Local unit tests results. No unexpected failing tests.

=========================================================================================================== test session starts ===========================================================================================================
platform linux -- Python 3.12.2, pytest-8.3.5, pluggy-1.5.0 -- /home/kyle/miniconda3/envs/neox/bin/python
cachedir: .pytest_cache
metadata: {'Python': '3.12.2', 'Platform': 'Linux-6.5.13-65-650-4141-22041-coreweave-amd64-85c45edc-x86_64-with-glibc2.31', 'Packages': {'pytest': '8.3.5', 'pluggy': '1.5.0'}, 'Plugins': {'xdist': '3.6.1', 'metadata': '3.1.1', 'forked': '1.6.0', 'cov': '6.0.0', 'html': '4.1.1'}}
rootdir: /mnt/ssd-1/kyle/gpt-neox/tests
configfile: pytest.ini
plugins: xdist-3.6.1, metadata-3.1.1, forked-1.6.0, cov-6.0.0, html-4.1.1
collected 37 items                                                                                                                                                                                                                        

tests/unit/test_arguments.py::test_main_constructor PASSED                                                                                                                                                                          [  2%]

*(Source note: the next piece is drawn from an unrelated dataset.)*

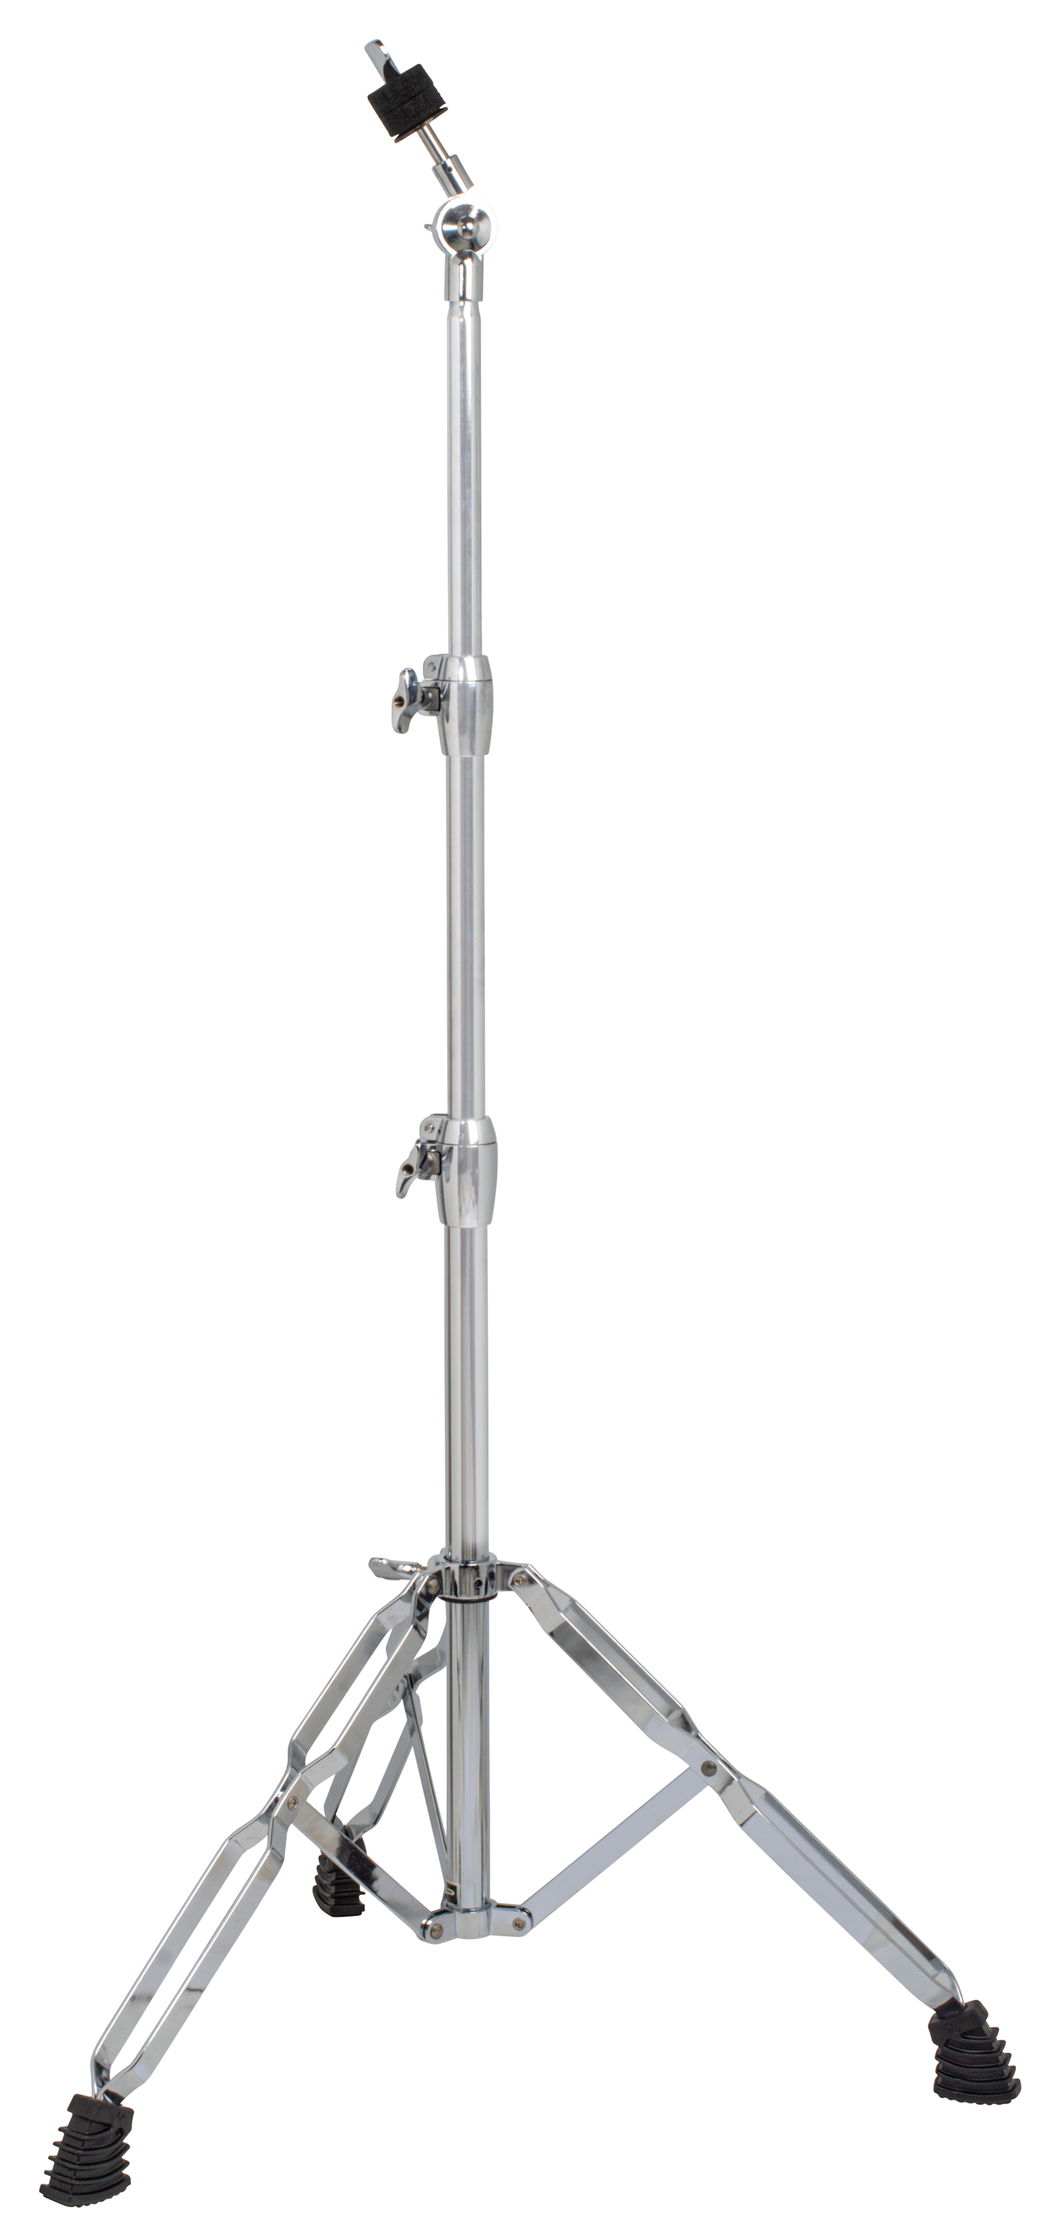 DXP DXPCS8 850 Series Straight Cymbal Stand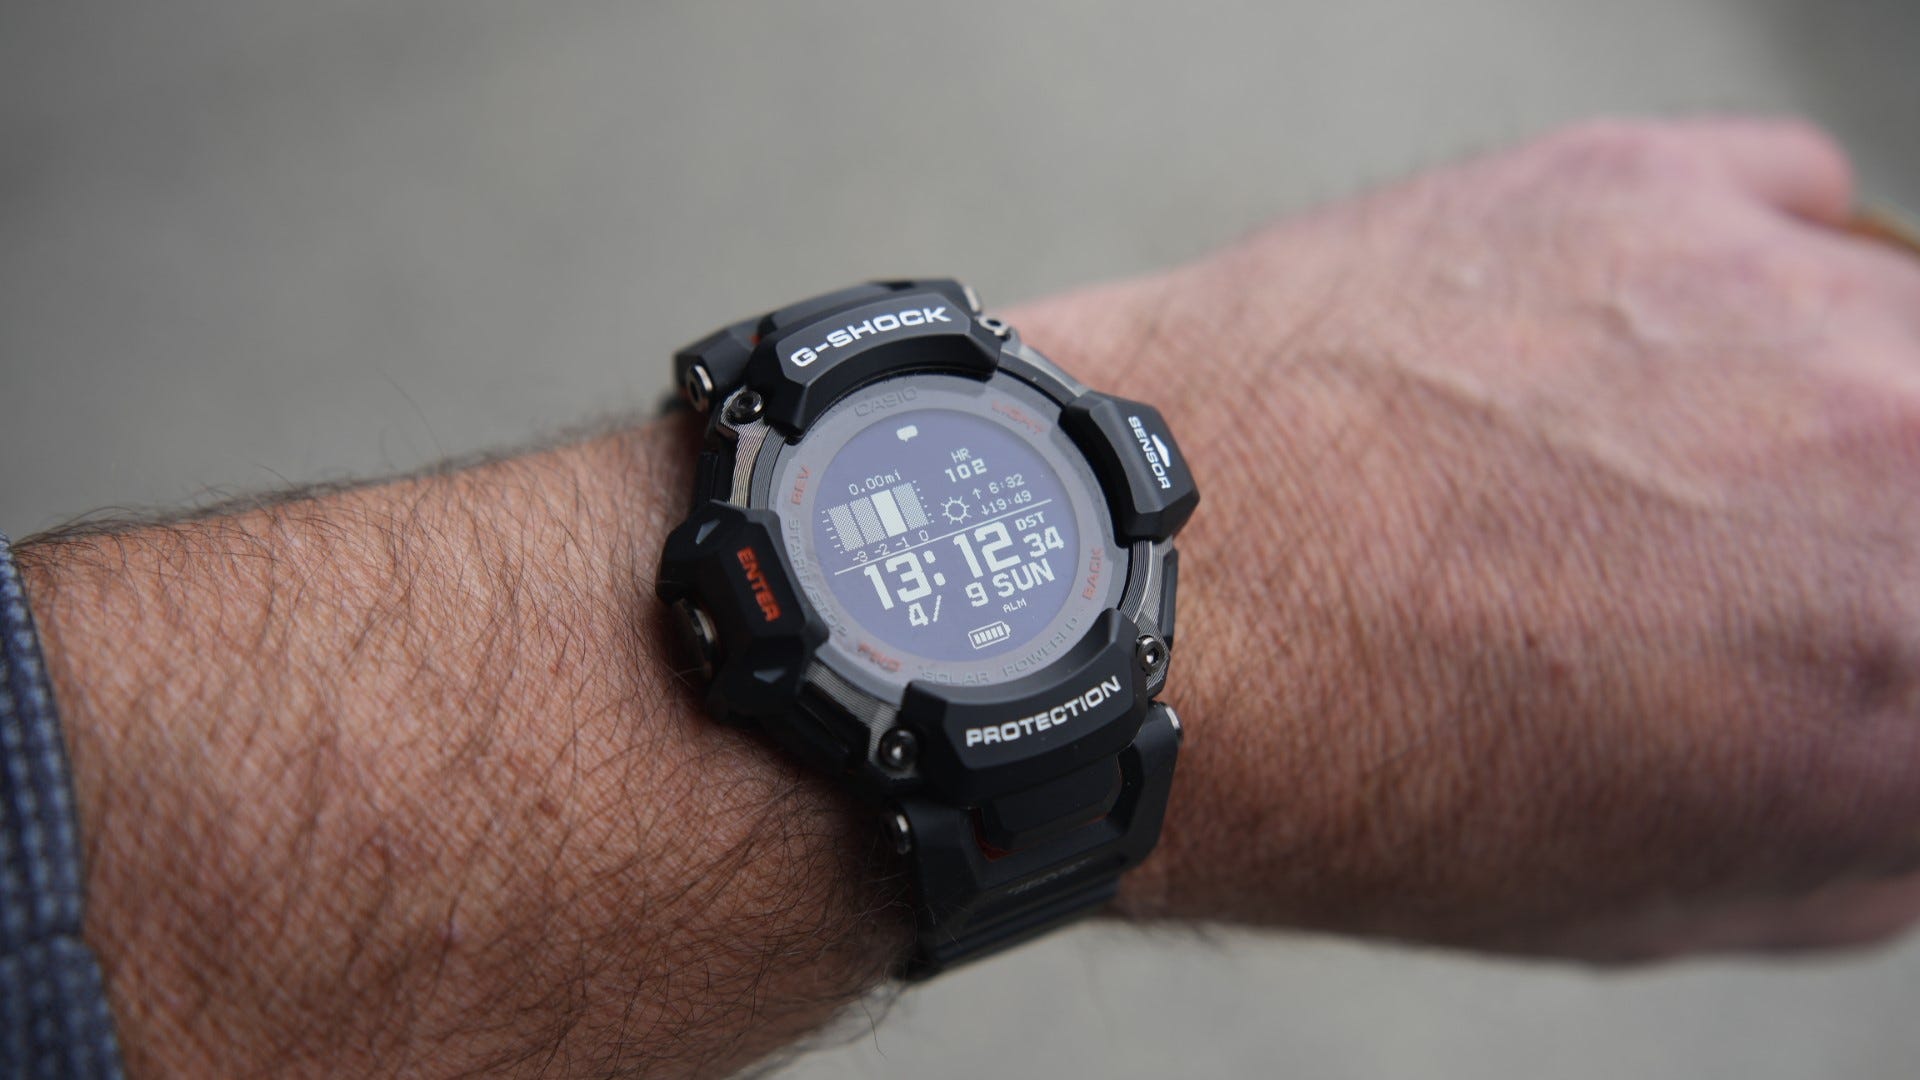 Casio G-SHOCK Move GBD-H2000 review: More than just a rugged watch

tests/unit/test_arguments.py::test_constructor_from_ymls PASSED                                                                                                                                                                     [  5%]
tests/unit/test_arguments.py::test_constructor_from_dict PASSED                                                                                                                                                                     [  8%]
tests/unit/test_dependencies.py::test_fused_kernels XFAIL (Fused kernels require manual intervention to install)                                                                                                                    [ 10%]
tests/unit/test_format_conversion_scripts.py::test_gpt_neox_to_huggingface SKIPPED (Conversion test is skipped until we fix the CUDA + torch multiprocessing issue.)                                                                [ 13%]
tests/unit/test_launcher_scripts.py::test_preprocess_data[HFGPT2Tokenizer] PASSED                                                                                                                                                   [ 16%]
tests/unit/test_launcher_scripts.py::test_preprocess_data[HFTokenizer] PASSED                                                                                                                                                       [ 18%]
tests/unit/test_launcher_scripts.py::test_preprocess_data[GPT2BPETokenizer] PASSED                                                                                                                                                  [ 21%]
tests/unit/test_launcher_scripts.py::test_preprocess_data[CharLevelTokenizer] PASSED                                                                                                                                                [ 24%]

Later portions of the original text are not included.